What’s on our radar of stock market, economic conditions, and market insights.
Risk Heatmap for Current Market Conditions And Themes
As we delve into current trends in asset pricing, one must consider various themes that influence market behaviors and economic indicators. As we assess this date, it’s essential to reflect on historical market data and compare it to the present to gain insights into potential future trends.
While tariff news have taken the headlines in the recent month, a few fundamental drivers have been lurking beneath the economic machine and are worth our attention. Overall it is getting close to a late cycle regime and asset markets have been pricing accordingly.

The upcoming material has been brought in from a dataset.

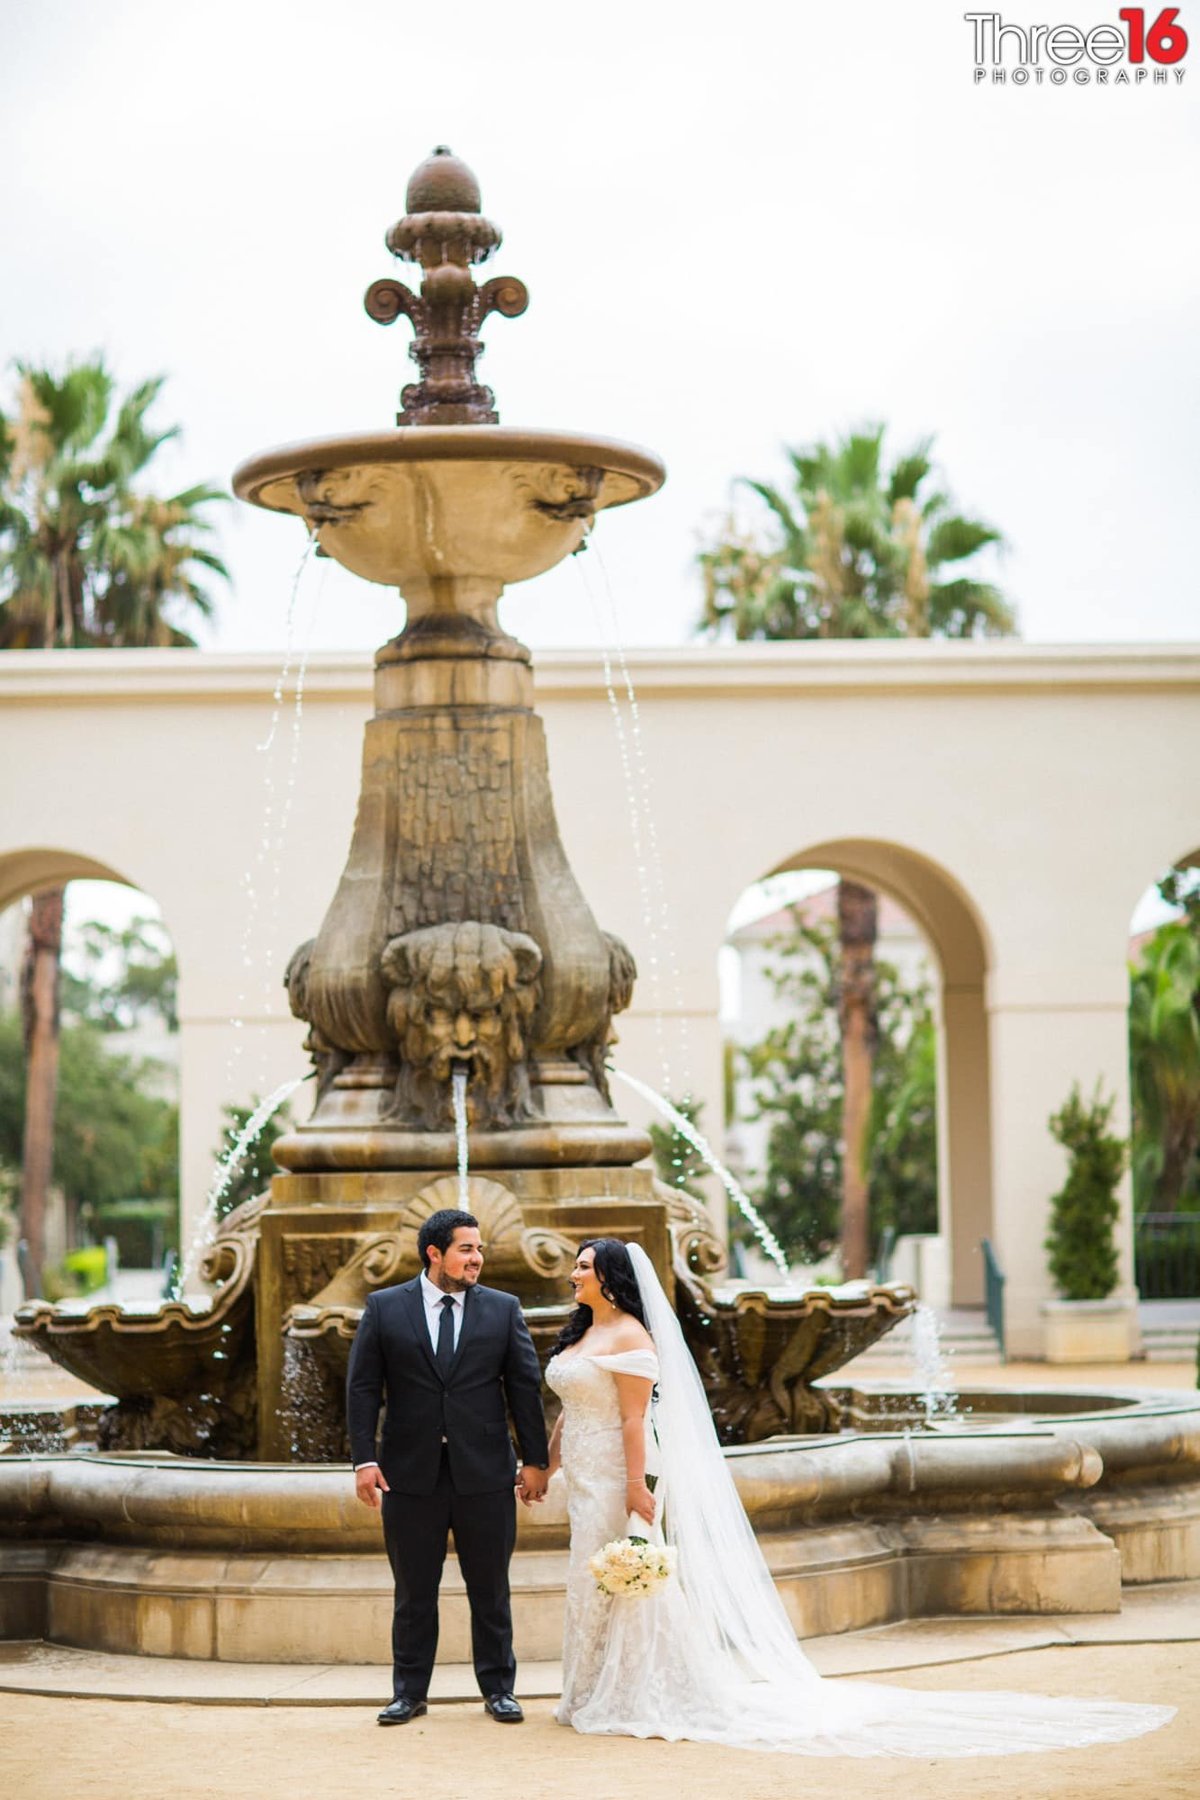 Married couple look at each other while holding hands in front of a large water fountain at the Pasadena City Hall

- Economic Uncertainty: Left chart above showing an index of global (GDP weighted) economic uncertainty using NLP techniques, which stays at elevated level even after some de-escalation of tariffs conflict. Investment and big ticket consumption decisions are likely to be negatively impacted in the near term. Simply put, the elevated uncertainty requires some risk premium in the market.

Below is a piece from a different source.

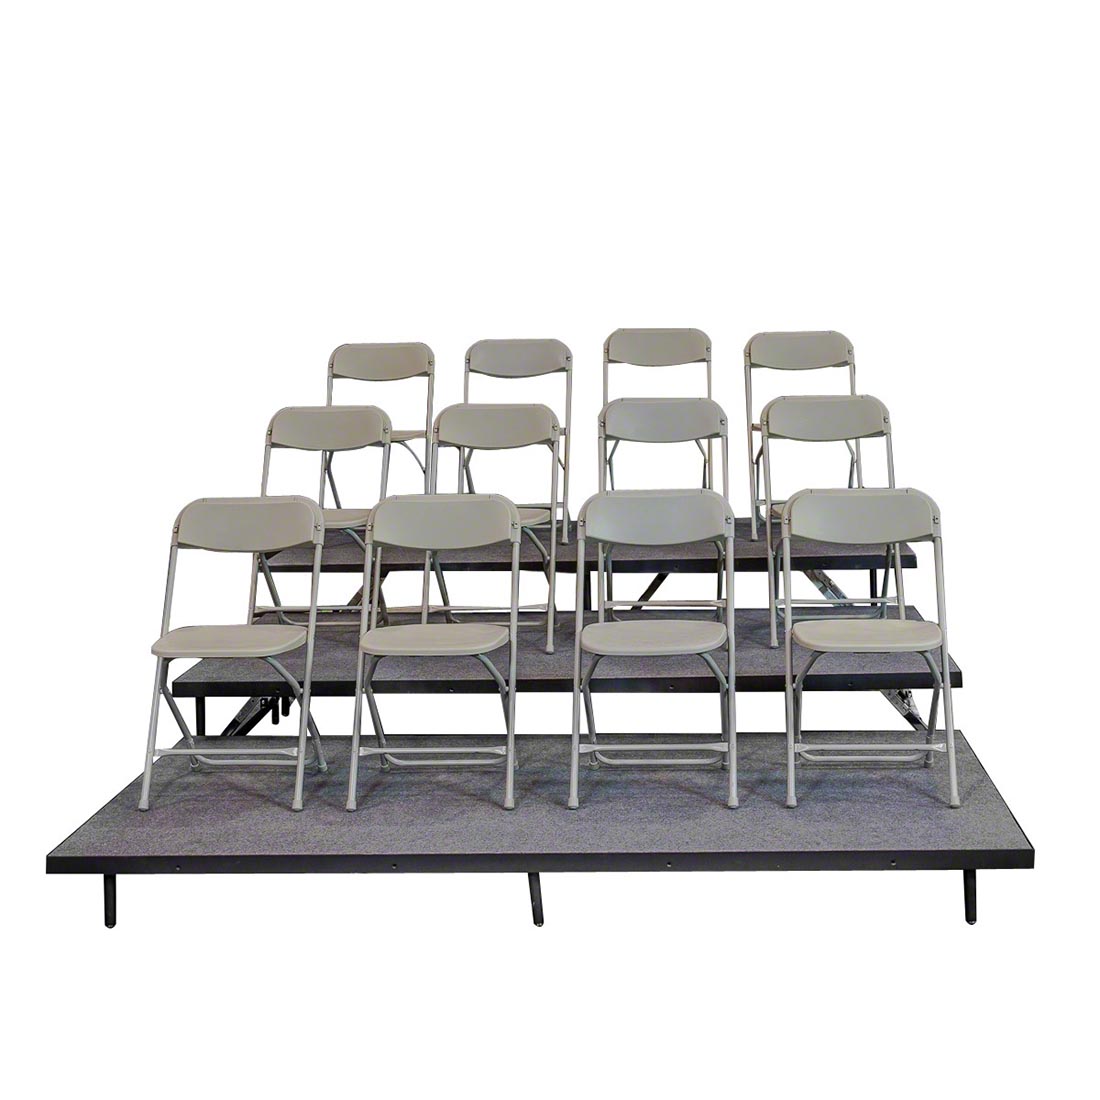 Staging 101 3-Tier 24' Seated Riser (Fits 36 Chairs)

- Geopolitical risk: while tariff risks are related to geopolitical risk, they do not entirely share the same dynamics. A withdraw of US impact is a more profound and longer term risk to global asset prices.

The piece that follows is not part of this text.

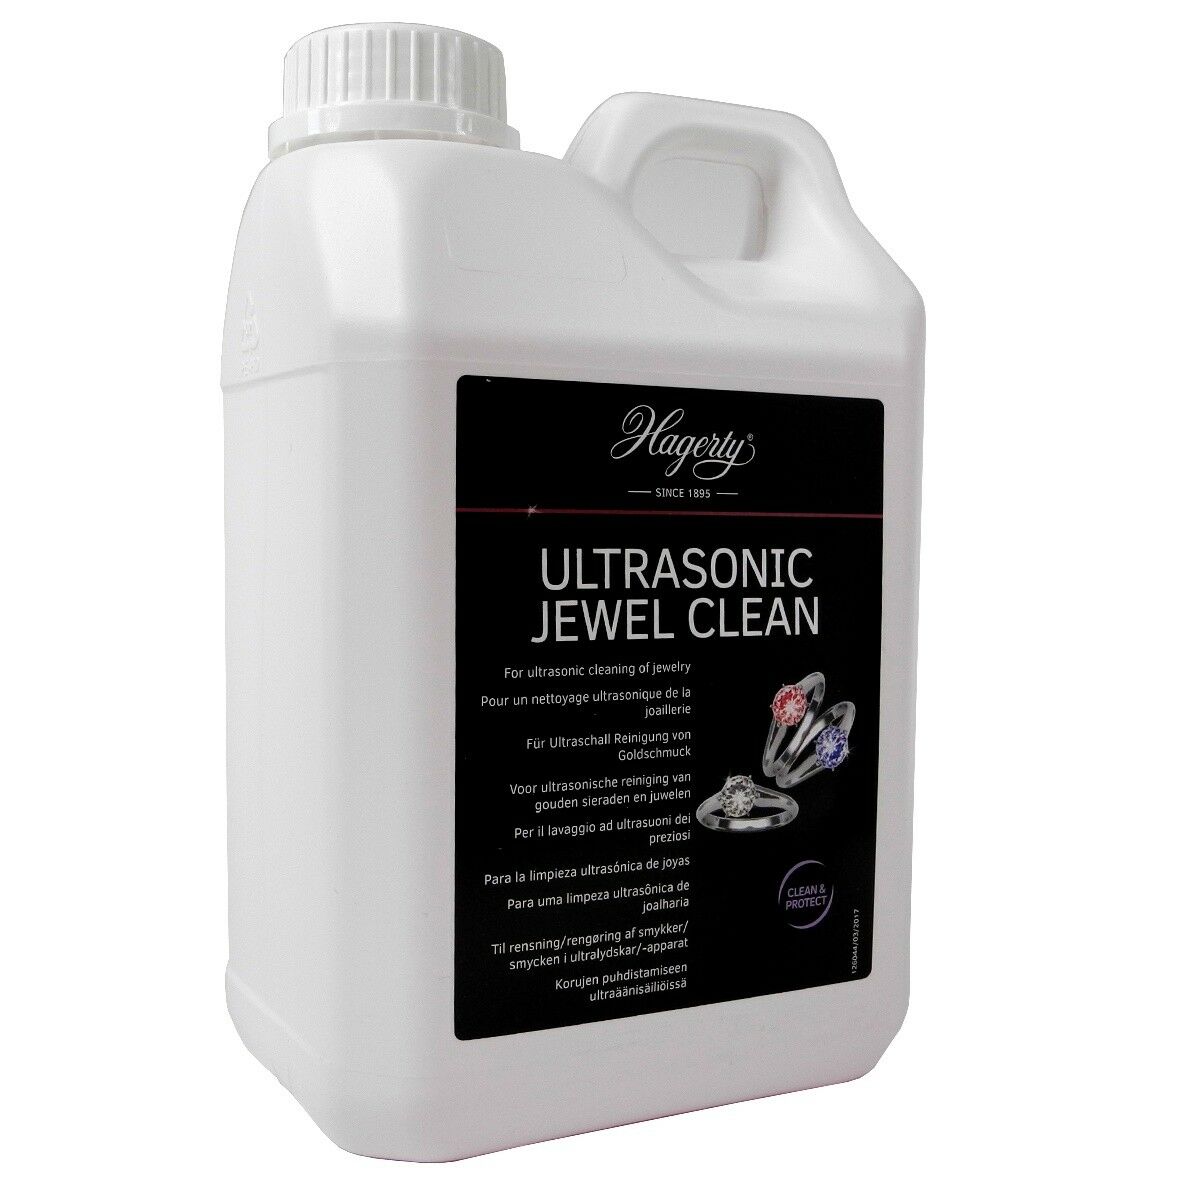 Ultrasonic Jewel clean product by Hagerty

- Valuation: equity market valuation is still rich, on standalone basis or relative to treasury yield, contributing to near term bearish stance. The recent drawdown is comparable to the 2021-2022 inflation spike episode but so far these moves are reflecting valuation compression and we have not seen the impact to earnings yet.
- Tariffs impact: while it has been tariffs on and off over the last week or two, even at 10% universal tariffs, the effective tariff rate(weighted by value of imports) for the US is about 20% compared to less than 5% over the past decade. So material impact to inflation and corporate margins are still at risk.
- US exceptionalism: global investors have been fading the idea of US exceptionalism manifested on currency, treasury and stock market. With long term international investors being the marginal seller, risks of higher yield in treasury market, and lower dollar is to the upside.
- Inflation volatility: what the market may be under appreciating is that the fragile supply chain and potential trade diversion resulting from near-shoring or friend-shoring can create a lot of short term price spikes here and there. One can expect inflation to have more up and downs from time to time. It may be tricky to find direct hedge for this other than rates vol products.